Mills, 56, was found guilty of two counts each of dereliction of duty and falsification, following a three-week trial the ended Sept. 10, 2021. The jury acquitted him of the only felony charge in the indictment, tampering with records.

Assistant Ohio Attorney Generals Dan Kasaris, Linda Powers and Matthew Meyer took the case to trial and argued that Mills, who was hired in 2015 to regionalize the county jail and merge it with jails in Euclid, Bedford and Cleveland, ignored multiple warnings about inmate and officer safety during his push to finish the project.

The county facility downtown was already overcrowded and understaffed when Mills brought in hundreds of new inmates from those jails. He also interfered with the facility’s medical director to hire more nurses and told Cuyahoga County Executive Armond Budish’s administration that there was no money in the budget for more nurses. Mills also changed the jail’s policies to allow corrections officers, instead of nurses, to conduct medical screenings of inmates when they were booked into the jail.

Mills’ decisions created such dire conditions in the jail that inmates were not getting the proper medical care they needed. The jail then experienced its deadliest span in history, with nine inmates dying in less than 18 months. The deaths led Budish to fire Mills, bring in the U.S. Marshals Service to inspect the jail and issue a report that first revealed what it called “inhumane conditions.”

Meyer began his opening statement in Mills’ trial by discussing the death of Joseph Arquillo, who overdosed eight hours after he was booked into the jail. Meyer also showed jurors a photo of Arquillo hunched over on the floor as a deputy sat nearby reading a newspaper.

[EARLIER: Jury convicts ex-Ohio jail director for mismanaging jail, lying to county council]

Patricia Cosgrove, a former Summit County judge who heard the case because Cuyahoga County judges recused themselves, initially told prosecutors to limit their mentions of the deaths and reminded jurors that Mills was not charged with directly causing any of the deaths.

Several witnesses mentioned Arquillo’s death, the death of Brenden Kiekisz, who died by suicide after not receiving a medical screening that could have caught that he had suicidal thoughts.

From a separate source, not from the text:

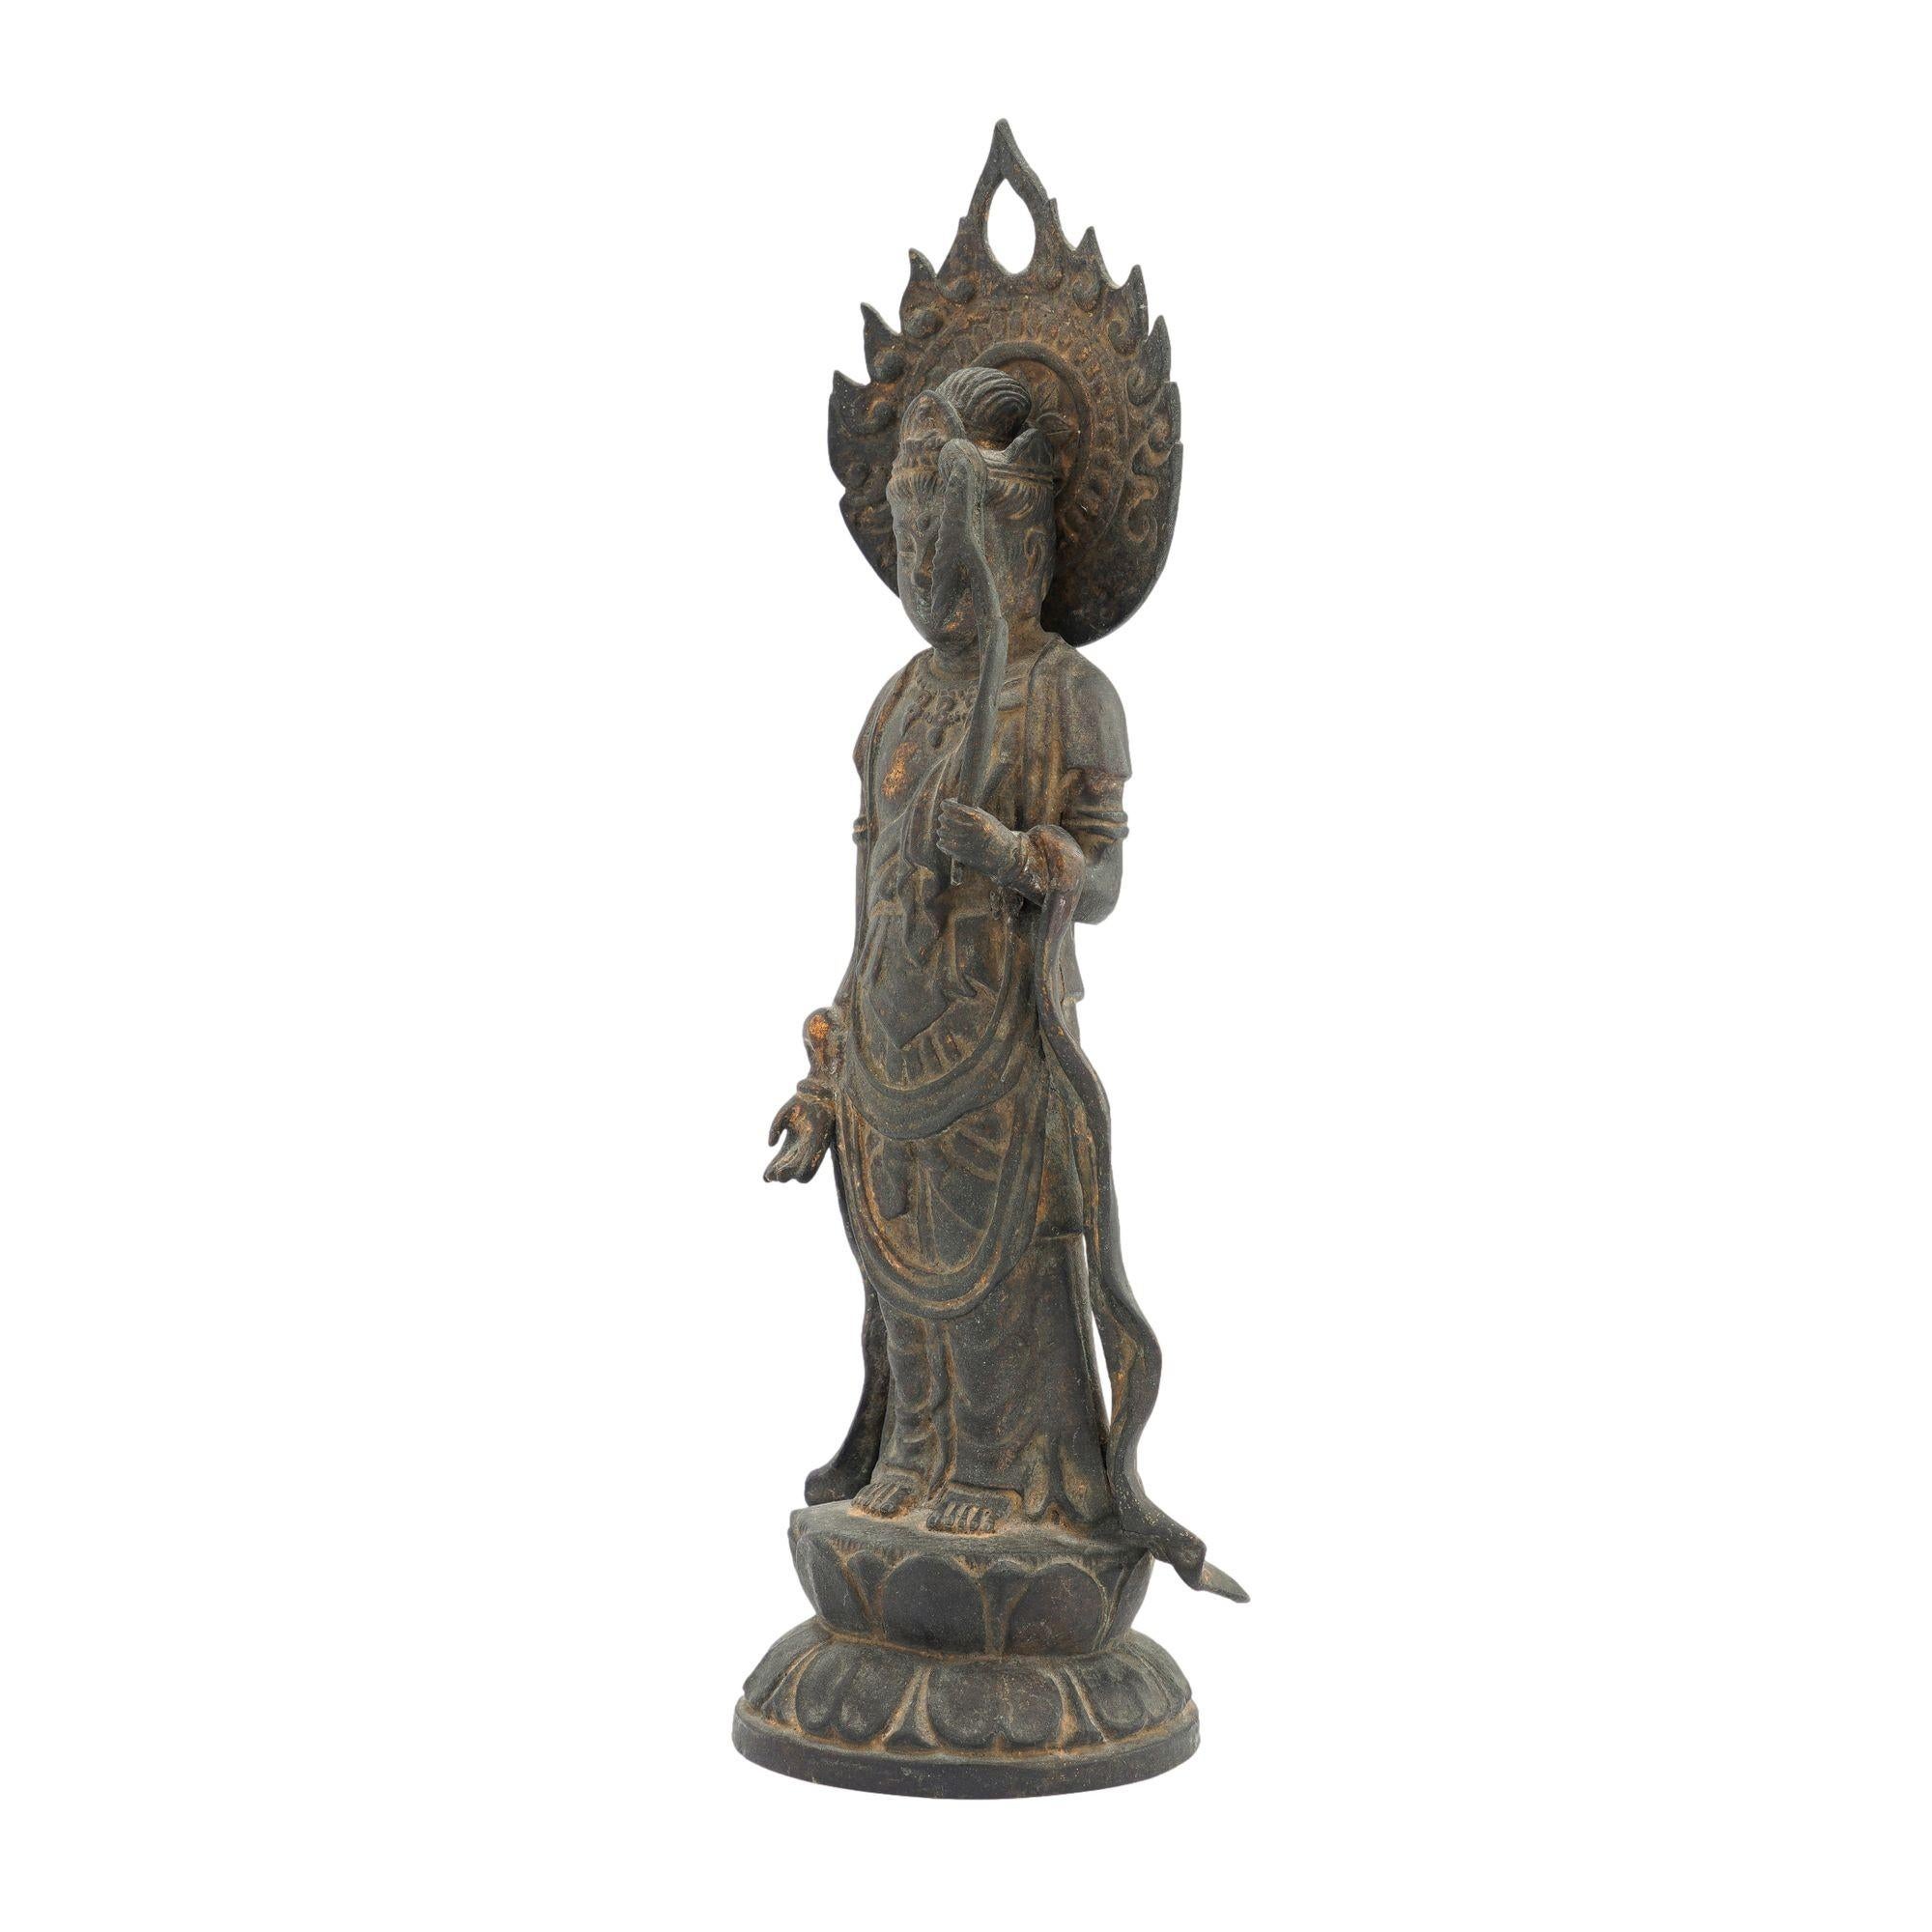 Gegossene Bronzestatue einer halb drapierten Figur des stehenden Bodhisattva auf einem Lotussockel, mit einem abnehmbaren Flammennimbus um den Kopf. Die Figur hält einen Lotus, das Symbol für Reinheit und Weltabgewandtheit, in der erhobenen linken

The jury also heard that the 2009 death of famed R&B singer Sean LeVert that sparked the county to partner with MetroHealth to provide medical care to the inmates.

The 8th District’s opinion held that even the mention of LeVert’s death was prejudicial to Mills.

Prosecutors argued the evidence was admissible as background evidence to show the consequences of Mills’ decisions that created dangerous conditions in the jail.

Forbes in her dissent agreed with that position, and she noted that out of 28 witnesses and 200 exhibits, a small portion of the state’s evidence dealt with inmate deaths and that only three inmates were mentioned by name.